A complete change of life circumstances is also a fate of the protagonist of a second (and the shortest) novella "Ghosts". Blue, who is a professional private detective, receives a task from the disguised client, White, to watch Black. The trouble is, Black never does anything interesting except reading or writing, and bored Blue tries to find out, where the real secret of this investigation lies.
In the last novella "The Locked Room", the main character is involved in the publication of the works of his missing childhood friend, Fanshawe. The books are a great success, he marries Fanshawe's wife and he assumes Fanshawe's identity, happily at the beginning...
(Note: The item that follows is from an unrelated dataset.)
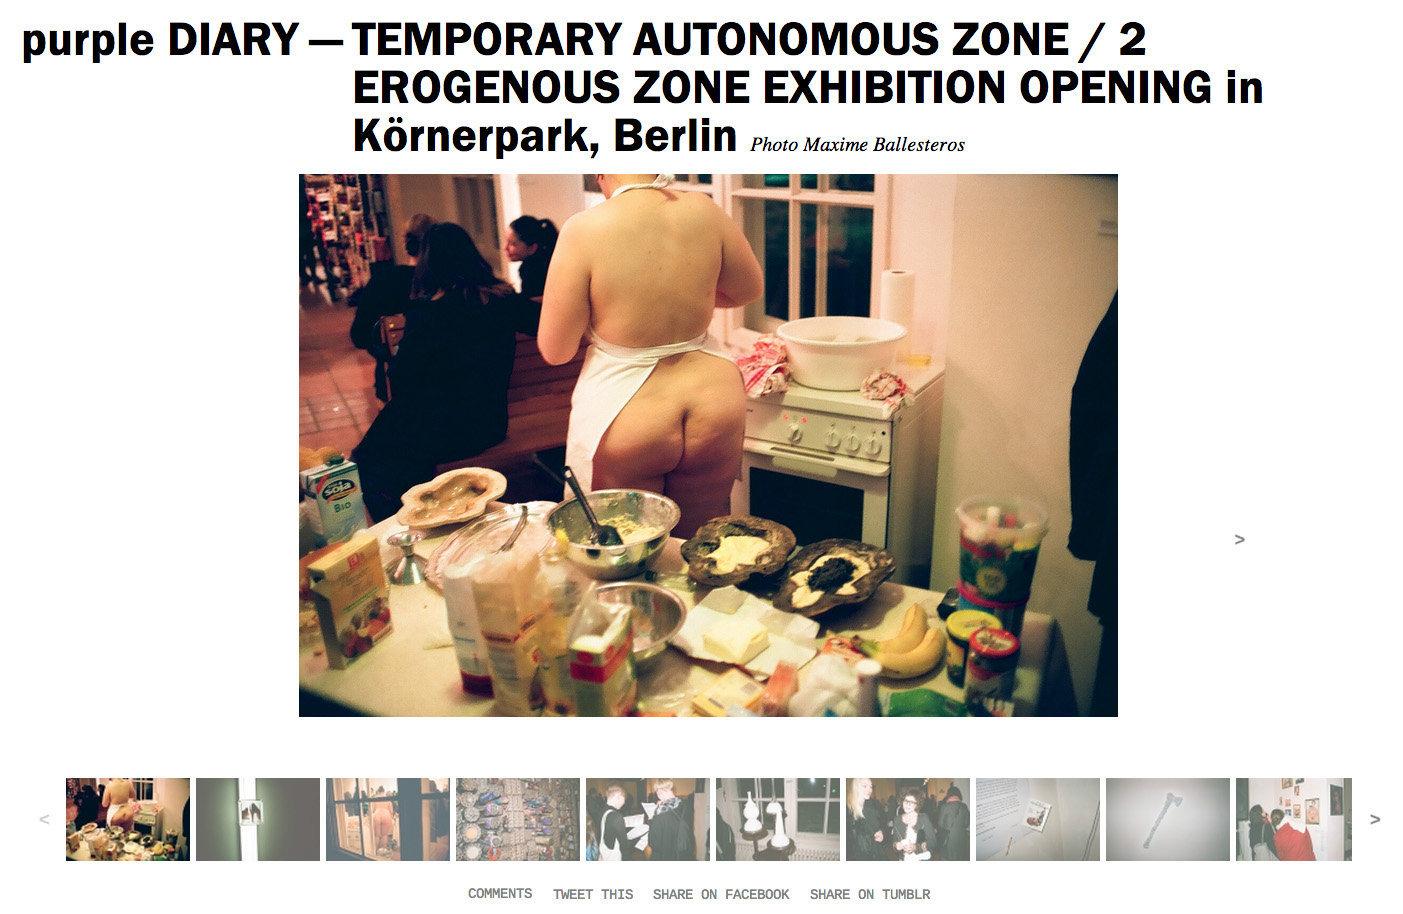 purple DIARY   TEMPORARY AUTONOMOUS ZONE   2 EROGENOUS ZONE EXHIBITION OPENING in Körnerpark  Berli

These novellas are not, as has been pointed out by many reviewers before me, typical mysteries, where clues lead to conclusions and the reader may amuse himself with finding a correct answer. They are, on one hand, explorations of the soul, of the unknown in us, and, on the other hand, and taken together, a postmodern riddle, with literary jokes, cultural clues. They can be read on various levels, which is what really makes them interesting. For somebody, who expects a mystery story from the beginning to the end this book would be a disappointment, However, it is rewarding for the reader interested in reading itself (sounds absurd, I know, but this may be the truth - books play an enormous role in all the novellas). The introduction of Auster, as a detective, but really a writer in the first story, as opposed to Quinn, the writer, who has to become the detective, is only one of the twists here. The exercise with giving the characters the name of the colors (after all, what, if not "real" names make the reader think of the book characters as real? And are the color names unreal? Such names are common enough...) - is another.
By the way, has anyone been lured into drawing Quinn's walk on the street grid of Manhattan?